3/20/2010 3:22:00 AM

0

En Sat, 20 Mar 2010 00:04:08 -0300, Jimbo <nilly16@yahoo.com> escribió:

> I am trying to grab some numbers from a string containing HTML text.
> Can you suggest any good functions that I could use to do this? What
> would be the easiest way to extract the following numbers from this
> string...
>
> My String has this layout & I have commented what I want to grab:
> [CODE] """</th>
> <td class="last">43.200 </td>
> <td class="change indicator" nowrap>0.040 </td>
>
> <td>43.150 </td> #
> I need to grab this number only
> <td>43.200 </td>
> <td>43.130 </td> #
> I need to grab this number only

I'd use BeautifulSoup [1] to handle bad formed HTML like that.

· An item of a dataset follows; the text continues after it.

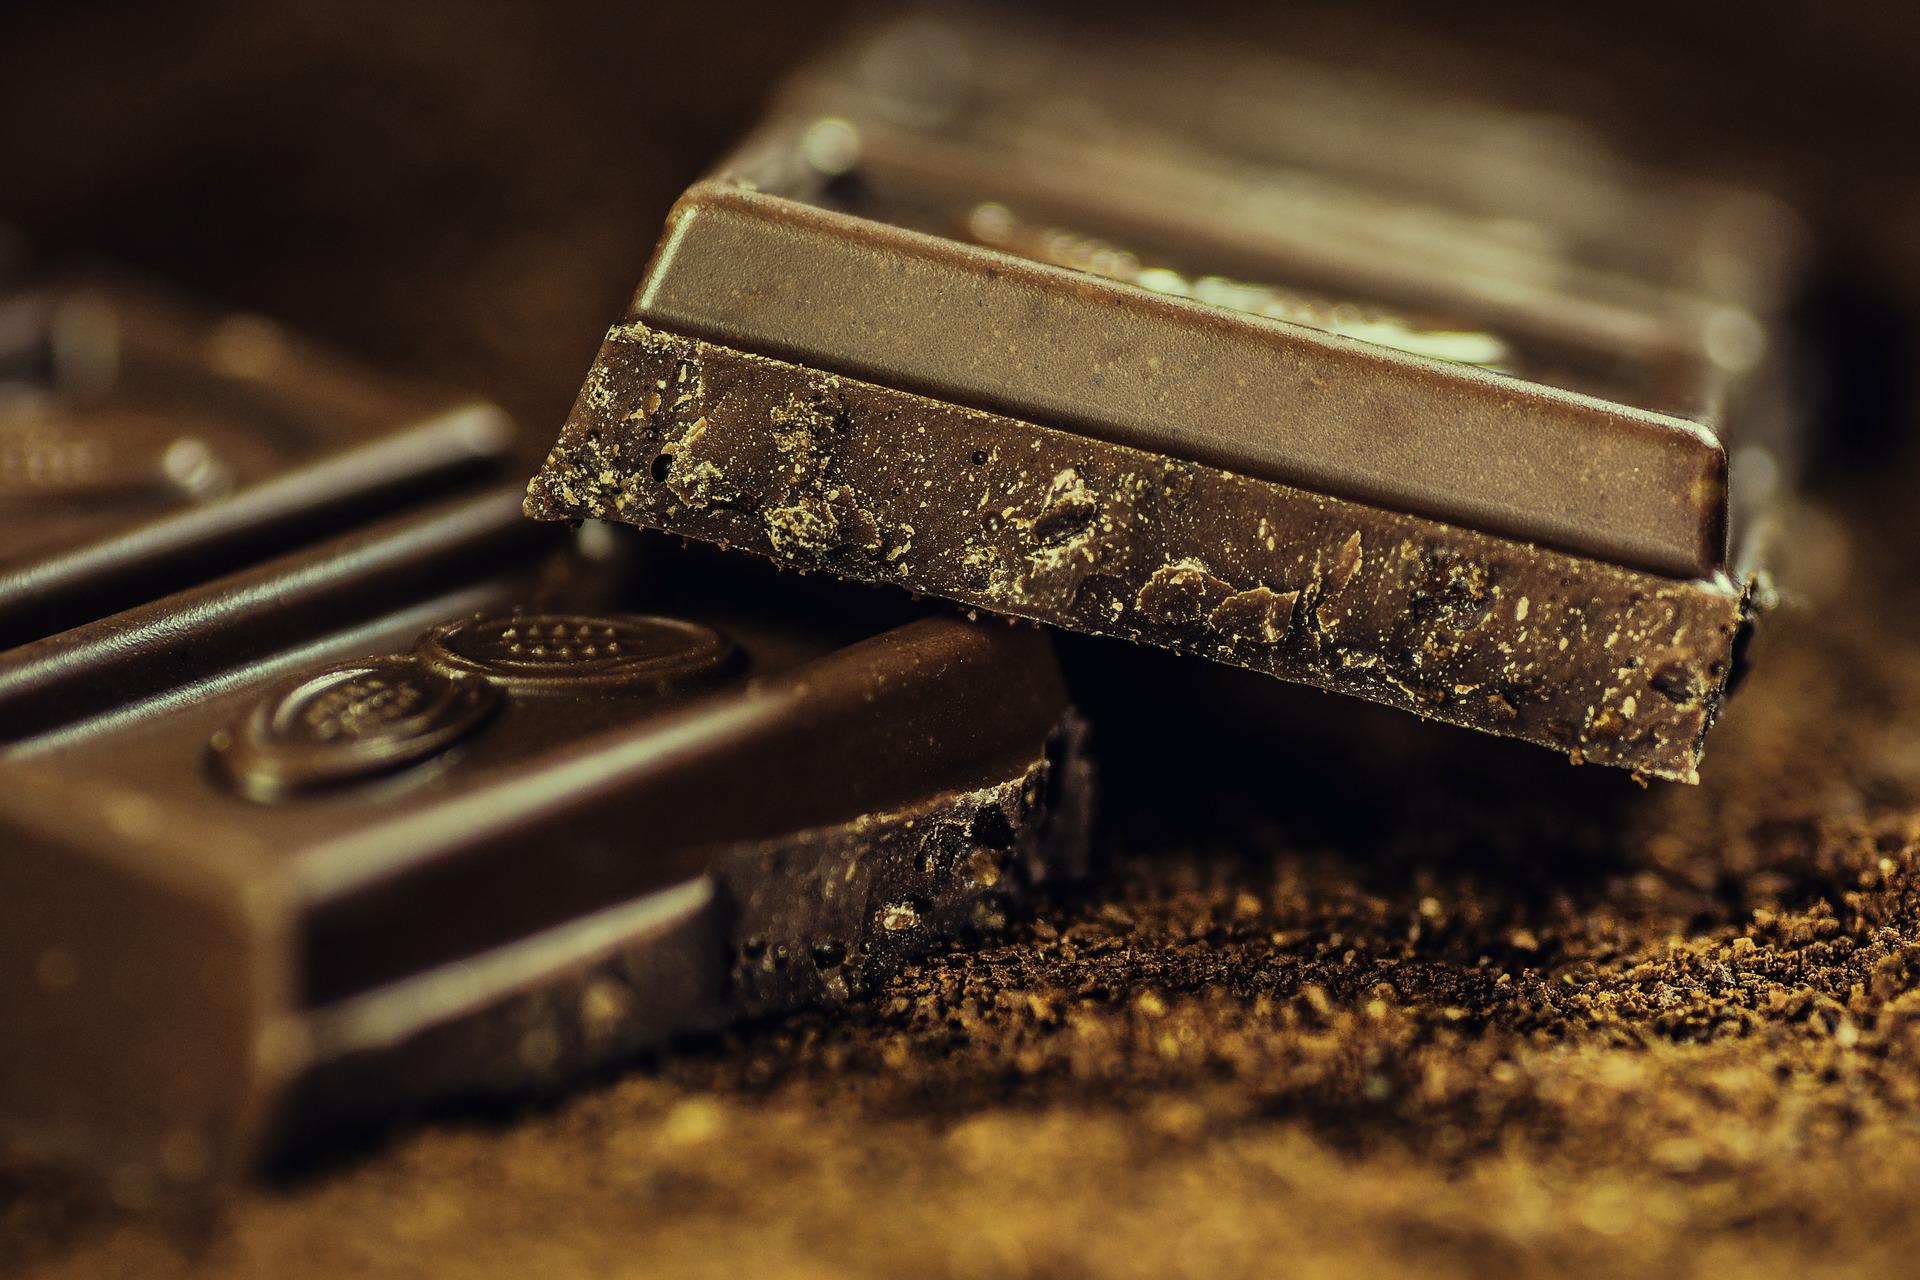 chocolate-183543_1920.jpg

[1] http://www.crummy.com/software/Beau...

--
Gabriel Genellina

Luis M. González

3/20/2010 12:51:00 PM

0

On Mar 20, 12:04 am, Jimbo <nill...@yahoo.com> wrote:
> Hello
>
> I am trying to grab some numbers from a string containing HTML text.
> Can you suggest any good functions that I could use to do this? What
> would be the easiest way to extract the following numbers from this
> string...
>
> My String has this layout & I have commented what I want to grab:
> [CODE] """</th>
>                                 <td class="last">43.200 </td>
>                                 <td class="change indicator" nowrap>0.040 </td>
>
>                                                    <td>43.150 </td> #
> I need to grab this number only
>                                 <td>43.200 </td>
>                                                    <td>43.130 </td> #
> I need to grab this number only
>                                 <td>43.290 </td>                                         <td>43.100 </td> # I need to
> grab this number only
>                                 <td>7,450,447 </td>
>                                 <td class="middle"><a
>                                         href="/asx/markets/optionPrices.do?
> by=underlyingCode&underlyingCode=BHP&expiryDate=&optionType=">Options</
> a></td>
>                                 <td class="middle"><a
>                                         href="/asx/markets/warrantPrices.do?
> by=underlyingAsxCode&underlyingCode=BHP">Warrants & Structured
> Products</a></td>
>                                 <td class="middle"><a
>                                         href="/asx/markets/cfdPrices.do?
> by=underlyingAsxCode&underlyingCode=BHP">CFDs</a></td>
>                                 <td class="middle"><a href="http://hfgapps.hubb.com...
> Charts.aspx?
> TimeFrame=D6&compare=comp_index&indicies=XJO&pma1=20&pma2=20&asxCode=BHP">< img
> src="/images/chart.gif" border="0" height="15" width="15"></a>
> </td>
>                                 <td><a href="/research/announcements/status_notes.htm#XD">XD</a>
>                                 </td>
>                                 <td><a href="/asx/statistics/announcements.do?
> by=asxCode&asxCode=BHP&timeframe=D&period=W">Recent</a>
> </td>
>                         </tr>"""[/CODE]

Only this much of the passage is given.